Na realidade, a Comissão Europeia e as autoridades aeronáuticas finalizaram o processo de aceitação do combustível de aviação padrão dos EUA (Jet A) para utilização em aeroportos europeus. Esta medida visa flexibilizar o abastecimento e permitir que excedentes de refinarias norte-americanas possam ser integrados na rede europeia sem necessidade de re-processamento complexo.

A decisão surge num contexto de necessidade de diversificação de fornecedores, procurando evitar que o mercado europeu fique refém das flutuações de preço e de abastecimento provenientes do Golfo Pérsico e de outras regiões com instabilidade geopolítica. Com esta abertura, os EUA tornam-se um "fornecedor de reserva" estratégico para a Europa, garantindo que o fluxo de combustível seja mais constante e competitivo.

Impacto para a Madeira

Para a Madeira, esta mudança é particularmente relevante devido à sua posição geográfica e às ligações diretas com a América do Norte.

Atualmente, a ilha conta com ligações diretas de relevo, como as operações da United Airlines (Nova Iorque/Newark), entre 16 de maio e 25 de setembro.

Com a compatibilidade de combustíveis, as aeronaves que realizam estas rotas transatlânticas podem operar com maior flexibilidade. Se antes existiam barreiras técnicas ou administrativas na mistura de remanescentes de combustível americano com o europeu em solo regional, essa barreira desaparece.

Abertura facilita

Em caso de rutura ou escassez de stock nas refinarias europeias, a Madeira pode agora beneficiar diretamente de carregamentos vindos da costa leste dos EUA, que é a origem natural das suas rotas diretas, garantindo que a operação turística não seja afetada por crises energéticas continentais.

Tradicionalmente, os preços e a disponibilidade de combustível em Portugal (e na Madeira) estão fortemente ligados ao mercado do Mediterrâneo e às importações do Golfo.

Ao permitir o querosene dos EUA, cria-se um novo corredor de importação. Se o preço do barril no Golfo disparar devido a tensões no Médio Oriente, a Europa (e os distribuidores que abastecem o Aeroporto Internacional da Madeira) podem recorrer ao mercado americano, onde a produção de xisto (shale oil) muitas vezes mantém os preços mais estáveis.

Sendo uma ilha, a Madeira depende totalmente da importação de combustível por via marítima.
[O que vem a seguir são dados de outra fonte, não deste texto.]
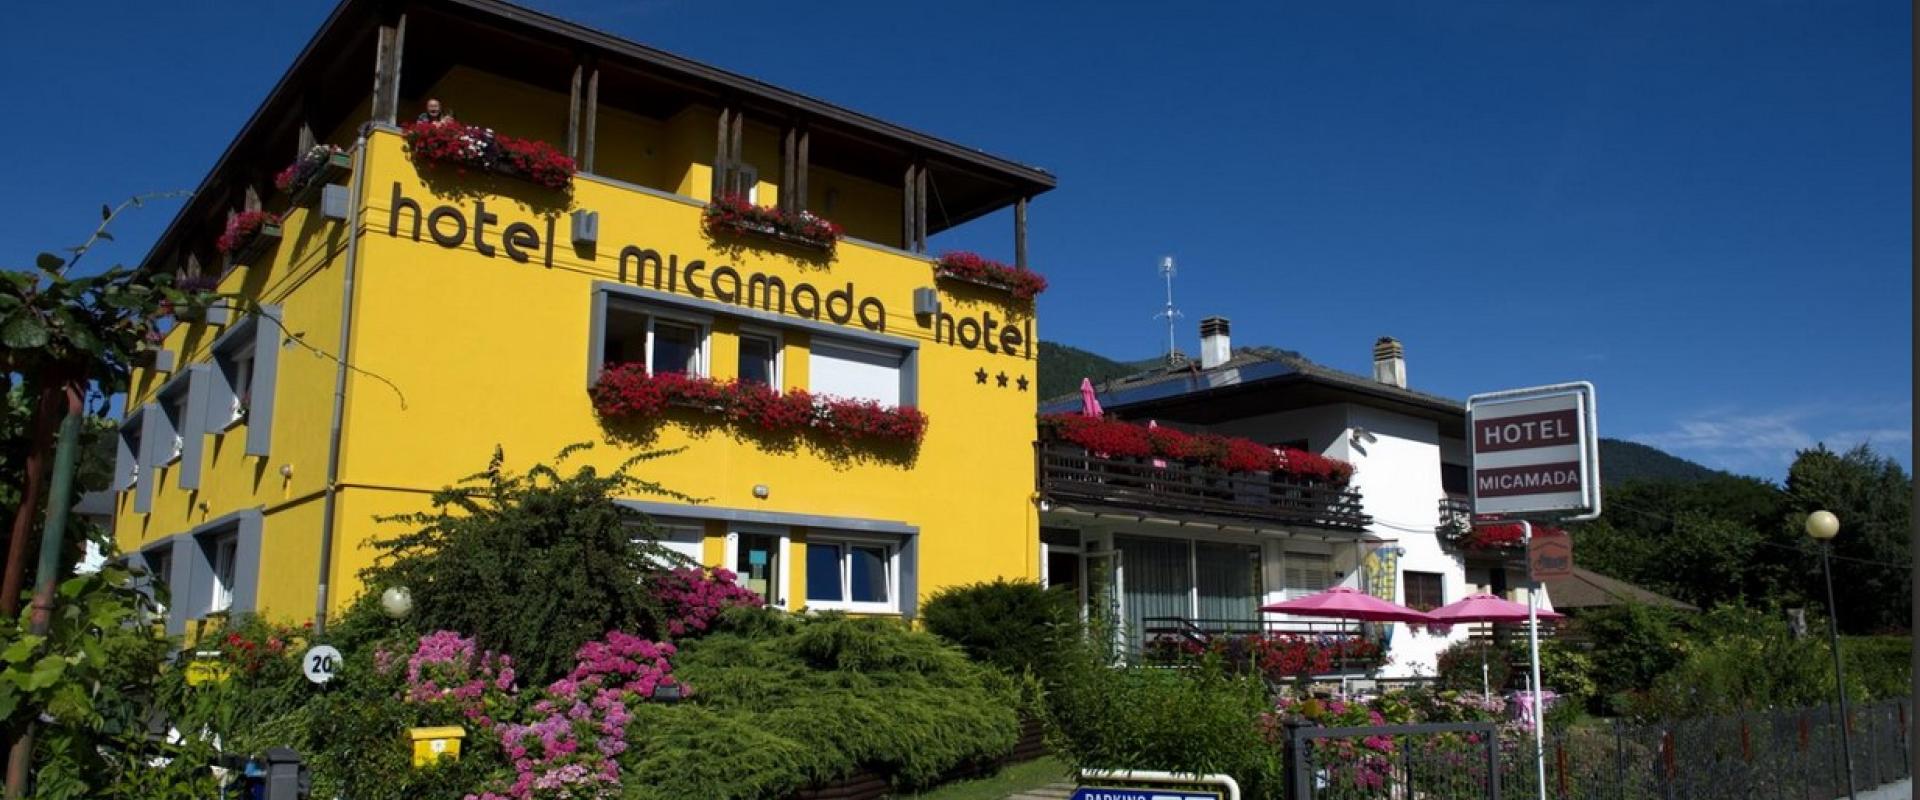 14542 Motorrad Hotel Micamada am Gardasee.jpg

Ter uma especificação técnica que é comum aos dois lados do Atlântico facilita a contratação de navios-tanque que já operam nas rotas da costa leste dos EUA, diminuindo a pegada logística e os custos de transporte.

Combustíveis sustentáveis 

A nova normativa europeia também facilita a integração de Sustainable Aviation Fuels (SAF) produzidos nos EUA, que seguem as normas ASTM. Isto é crucial para que a Madeira cumpra as metas ambientais da União Europeia (ReFuelEU Aviation) sem que isso implique um aumento incomportável nos custos das passagens aéreas para os residentes e turistas.

Em resumo, esta medida atua como um "seguro de vida" logístico para a conectividade aérea da Madeira, garantindo que o arquipélago deixe de olhar apenas para Leste em busca de energia, aproveitando a sua vocação atlântica para se abastecer de forma mais diversificada e económica.